|
|
|
|
|
by troysk
671 days ago
|
|
In my experience, this works well but doesn't scale to all kinds of documents.
For scientific papers; it can't render formulas. meta's nougat is the best model to do that.
For invoices and records; donut works better.
Both these models will fail in some cases so you end up running LLM to fix the issues.
Even with that LLM won't be able to do tables and charts justice, as the details were lost during OCR process (bold/italic/other nuances). I feel these might also be "classical" methods.
I have found vision models to be much better as they have the original document/image. Having prompts which are clear helps but still you won't get 100% results as they tend to venture off on their paths.
I believe that can be fixed using fine tuning but no good vision model provides fine tuning for images.
Google Gemini seems to have the feature but I haven't tried it.
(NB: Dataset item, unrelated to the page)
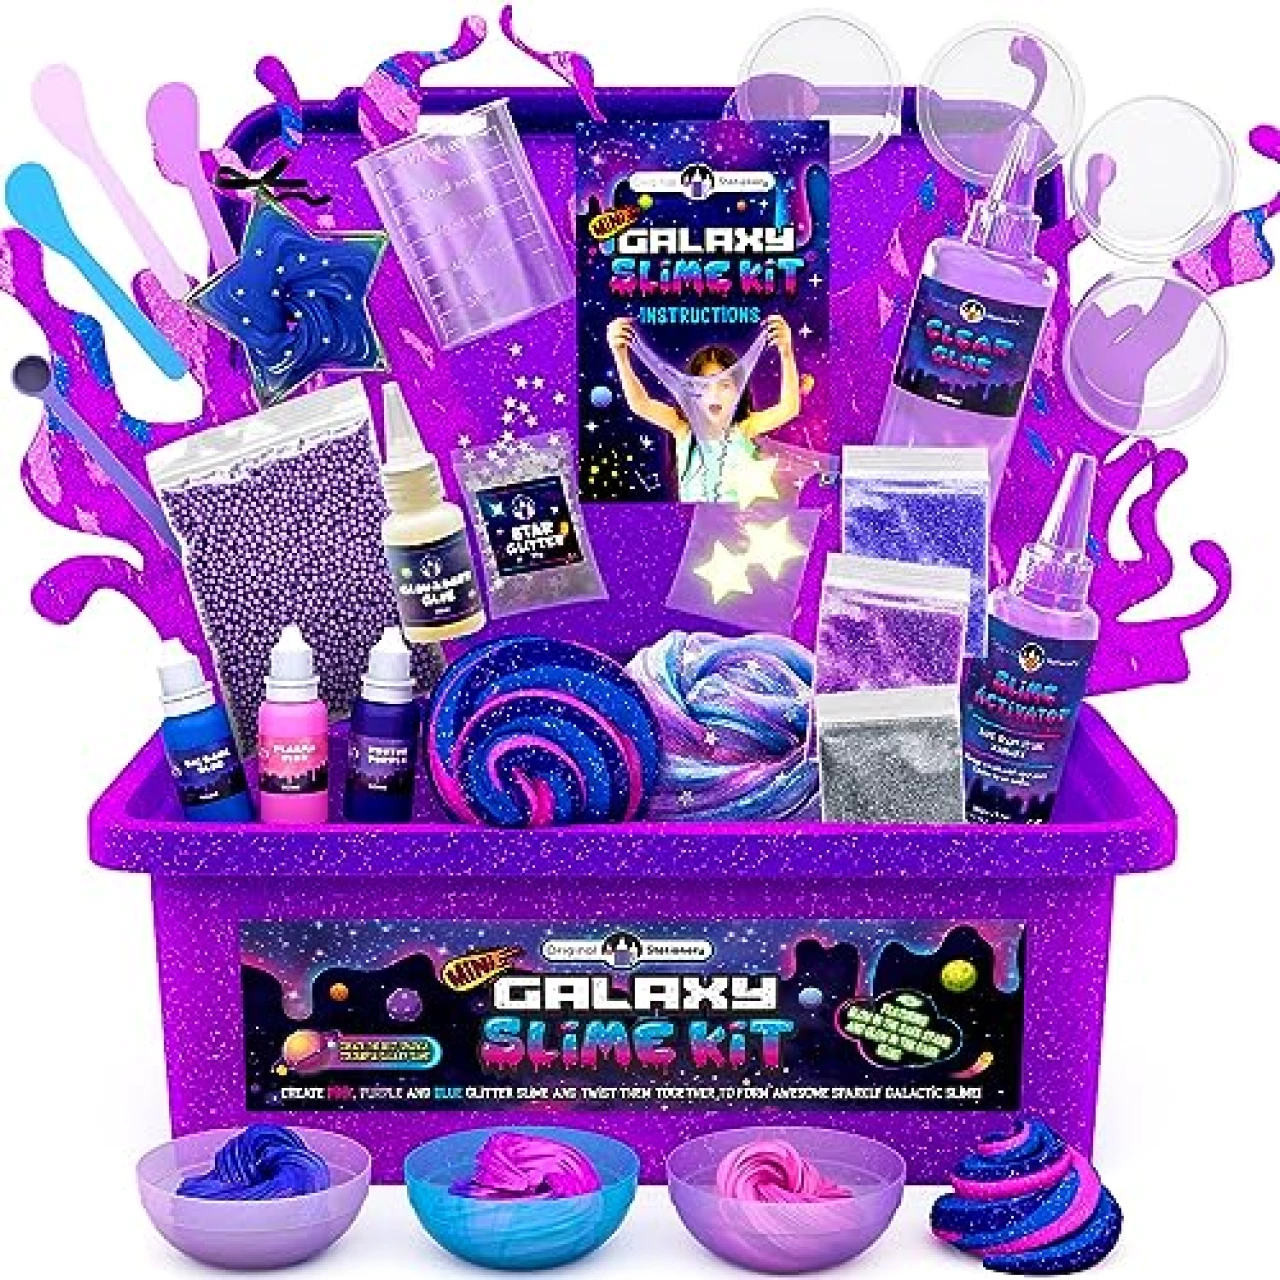 Original Stationery Mini Galaxy Slime Kit, Make Your Own Galactic Slime with Glitter, Glow in The Dark Powder &amp; Lots of Fun Add Ins, Awesome Gift Idea

Few shots prompting helps keep the LLM from hallucinating, prompt injection and helps adhering to the format requested. |
|
1. Segment document: Identify which part of the document is text, what is an image, what is a formula, what is a table, etc...
2. For text, do OCR + LLM. You can use LLMs to calculate the expectation of the predicted text, and if it is super off, try using ViT or something to OCR.
3. For tables, you can get a ViT/CNN to identify the cells to recover positional information, and then OCR + LLM for recovering the contents of cells
4. For formulas (and formulas in tables), just use a ViT/CNN.
5. For images, you can get a captioning ViT/CNN to caption the photo, if that's desired.